The reviewers clearly mention “Prior studies have shown correlations between NCM functional properties and song learning outcome, between CM functional properties and vocal error detection, and between VP and song copying” while we clearly demonstrate in the current paper the link with structural properties of these regions! And also… that this structural property has a predictive value for copying accuracy! Both things ARE NEW! Follow up studies can now be planned in a very targeted manner to unravel what this structural property is, but also which connections ‘starting from’ or ‘projecting to’ these regions ‘under which early live (tutoring) circumstances’ contribute to the observed changes in this region. The current study includes a massive amount of work providing a solid foundation for many follow up studies with different methodological approaches.

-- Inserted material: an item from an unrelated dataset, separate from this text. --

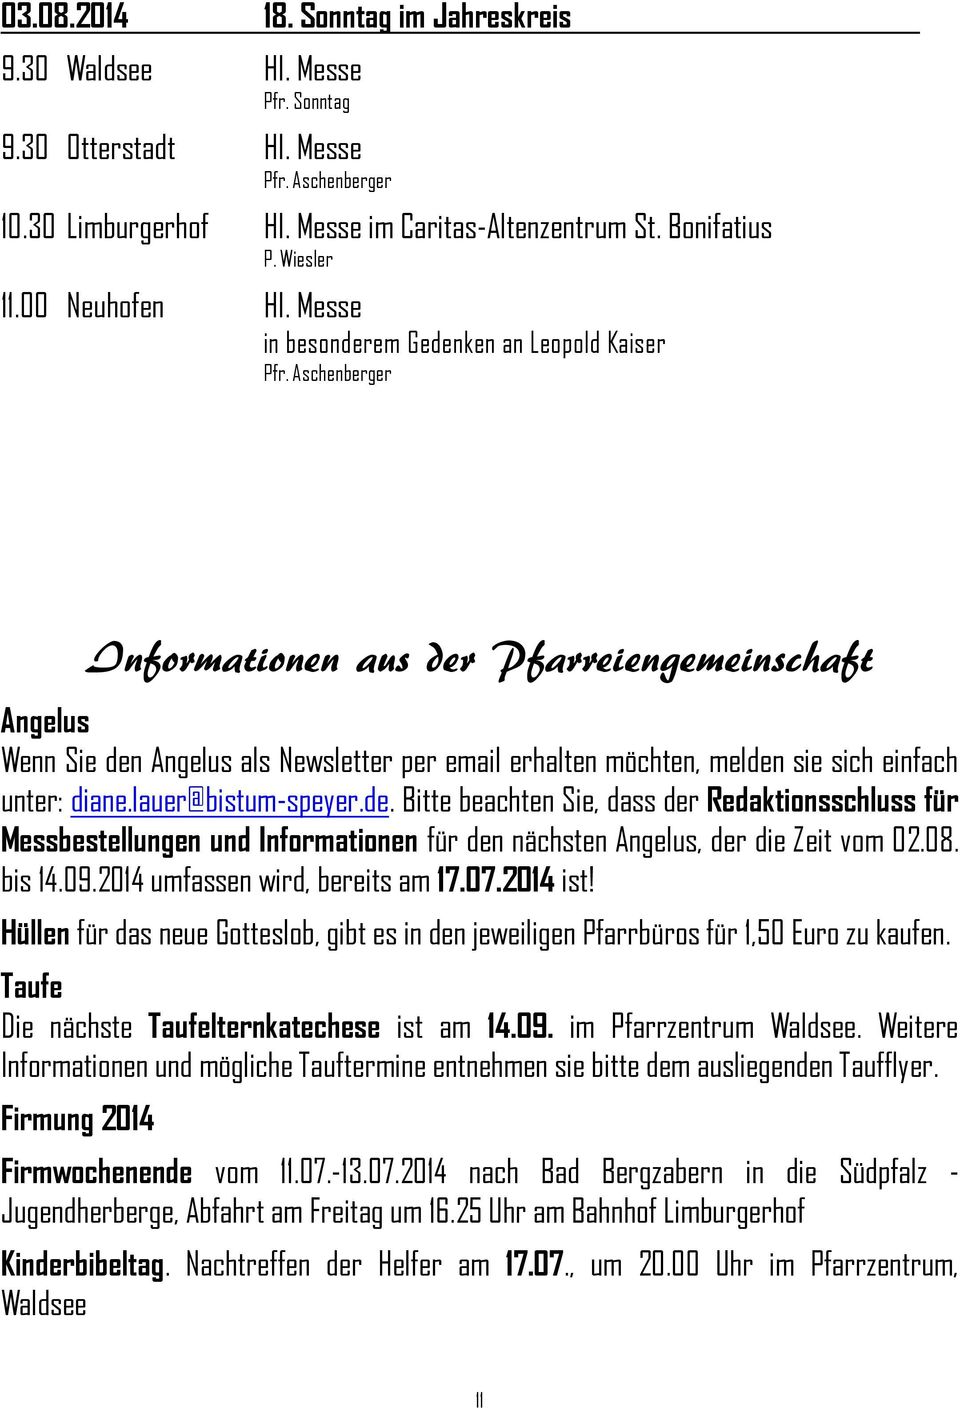 lauer@bistum-speyer.de. Bitte beachten Sie, dass der Redaktionsschluss für Messbestellungen und Informationen für den nächsten Angelus, der die Zeit vom 02.08. bis 14.09.

The location of tFA in our MRI outcome matches perfectly with tFA assignation in the drawing atlas of Nixdorf-Bergweiler and Bischof, 2007. As an illustration (not a validation), we did an extra effort to calculate DTI Fiber tracking (tractography) by copying as ‘seed’ the location of the crosshair (i.e. the voxel of highest significance) from the statistical maps to the super resolution track density images of the adult zebra finch used in the publication of Hamaide et al, 2017. These tracts shown in Author response image 7 shed more light on the extent of the fibers passing the crosshair.

Author response image 7
Result of voxel based multiple regression in tFA (A) used as a seed for exploratory tractography (B).

The statistical map (A) presents the outcome of the voxel-based multiple regression testing for a correlation between song similarity and FA (n=14). The crosshairs point to the tFA in the left hemisphere (A). Tractography clarifies the tracts running through tFA (B) cluster found with the voxel-based multiple regression. Seed-based fiber tractography itself was performed on ex vivo super-resolution reconstruction DTI acquired in male zebra finch brain created for Hamaide et al., 2017. The seeds were positioned at the level of tFA to filter out the relevant tracts from the whole brain probabilistic track density imaging using MRtrix3. More details on the methods used to acquire and process the tractography data can be found in (Hamaide et al., 2017).

We have added some clarifications to the Results section.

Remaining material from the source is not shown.